Kerity, la maison des contes
Du 15/06/2016 au 15/06/2016
Alors que j’allais à la projection presse de Kerity, la maison des contes, je croise une copine auteur de livres pour enfants. « Ah ! génial, tu vas à la projection du dessin animé illustré par Rebecca Dautremer ? — Euh… mais c’est qui, Rebecca Dautremer ? Une dessinatrice de bateaux à voile ? — Mais non gros bêta, Rebecca Dautremer, c’est la Michel-Ange de l’illustration pour enfants, avec plein de best-sellers magnifiques à son actif ! ».
Et soudain la honte me gagne, moi qui cède quotidiennement à mes garçons en leur montrant les pauvres dessins de Dragonball Z, cette série qui hypnotise de manière incompréhensible des générations successives d’enfants à partir d’un scénario débilissime de guerriers qui s’affrontent aux quatre coins de l’espace…
La honte me gagne encore plus quand je découvre les premières images de Kerity… On est frappé immédiatement par la beauté et la poésie des images, évoquant la délicatesse des chefs d’œuvre de Miyazaki, Kerity faisant, avec son ambiance de bord de mer, irrésistiblement penser à Ponyo sur la falaise.
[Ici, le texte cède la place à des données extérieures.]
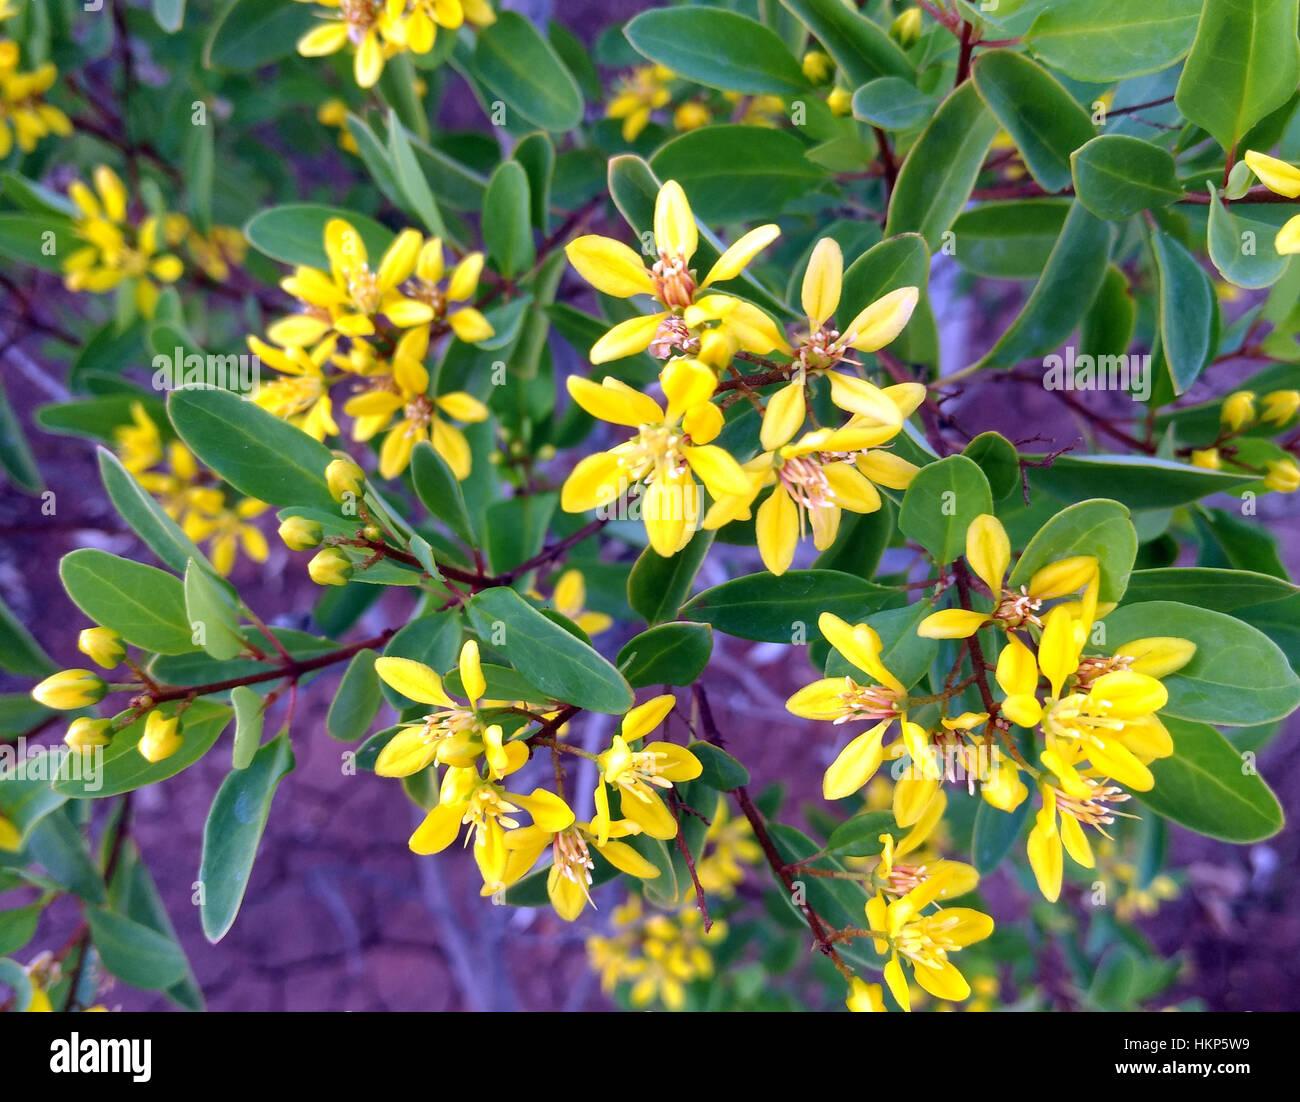 Yellow garden flowers with five petals stock photo 132638613 alamy yellow garden flowers with five petals mightylinksfo

Et en plus Kerity est le cadeau rêvé pour les parents ou les instits qui s’angoissent pour leurs schtroumpfs en proie à des difficultés de lecture, ou qui souhaitent entretenir le talent de leurs petits génies pour l’engloutissage de jolis livres.
Le point de départ de cette superbe histoire est l’arrivée de la famille de Natanaël, 6 ans (ses parents, sa grande sœur, cette peste d’Angelica) dans la maison reçue en héritage d’une grand-tante récemment disparue, une de ces maisons de charme toutes de guingois avec leurs souvenirs et leurs secrets, plantée au bord d’une falaise. Avant de mourir, la vieille Éléonore a laissé pour chaque enfant un cadeau : pour Angelica, une étrange poupée de porcelaine ; et pour Natanaël, la clé de la pièce mystérieuse qui s’avère être une immense bibliothèque remplie d’éditions originales des plus beaux contes.
Mais Natanaël n’en a que faire : il n’arrive pas à lire correctement… Et quand ses parents ont besoin d’argent pour financer les travaux de rénovation, il ne s’oppose aucunement à ce que le brocanteur du coin, Monsieur Pictou, rachète l’intégralité de la bibliothèque. Sauf qu’entre temps, il découvre que les livres sont habités par leurs personnages : Alice, Le Chat botté, Pinocchio et son maître Gepetto, le Chaperon rouge et son copain le Grand Méchant Loup (depuis le temps qu’ils se côtoient dans un livre, ils ont fini par être amis), la Fée Carabosse qu’on oublie tout le temps… Alors Natanaël comprend que sa vieille tante lui a donné pour mission de faire survivre les personnages des contes. Mais pour cela, il doit parvenir à lire une formule magique (ah toutes ces lettres assemblées !) et surtout récupérer les livres. Sinon ces personnages de contes légendaires disparaîtront à tout jamais pour les enfants du monde entier. Pas facile, surtout quand on a été miniaturisé par la jalouse Fée Carabosse !
Kerity, la maison des contes est à la fois un formidable film d’aventure et une superbe réflexion sur la mémoire des parents disparus, sur le patrimoine des contes, et une incitation définitive autant que ludique à la lecture. Ce soir-là, mes gamins ont été privés de Dragonball et on a lu un joli livre : Le Géant aux oiseaux, illustré par Rebecca Dautremer. Ils ont été ravis et ils ont fait de beaux rêves.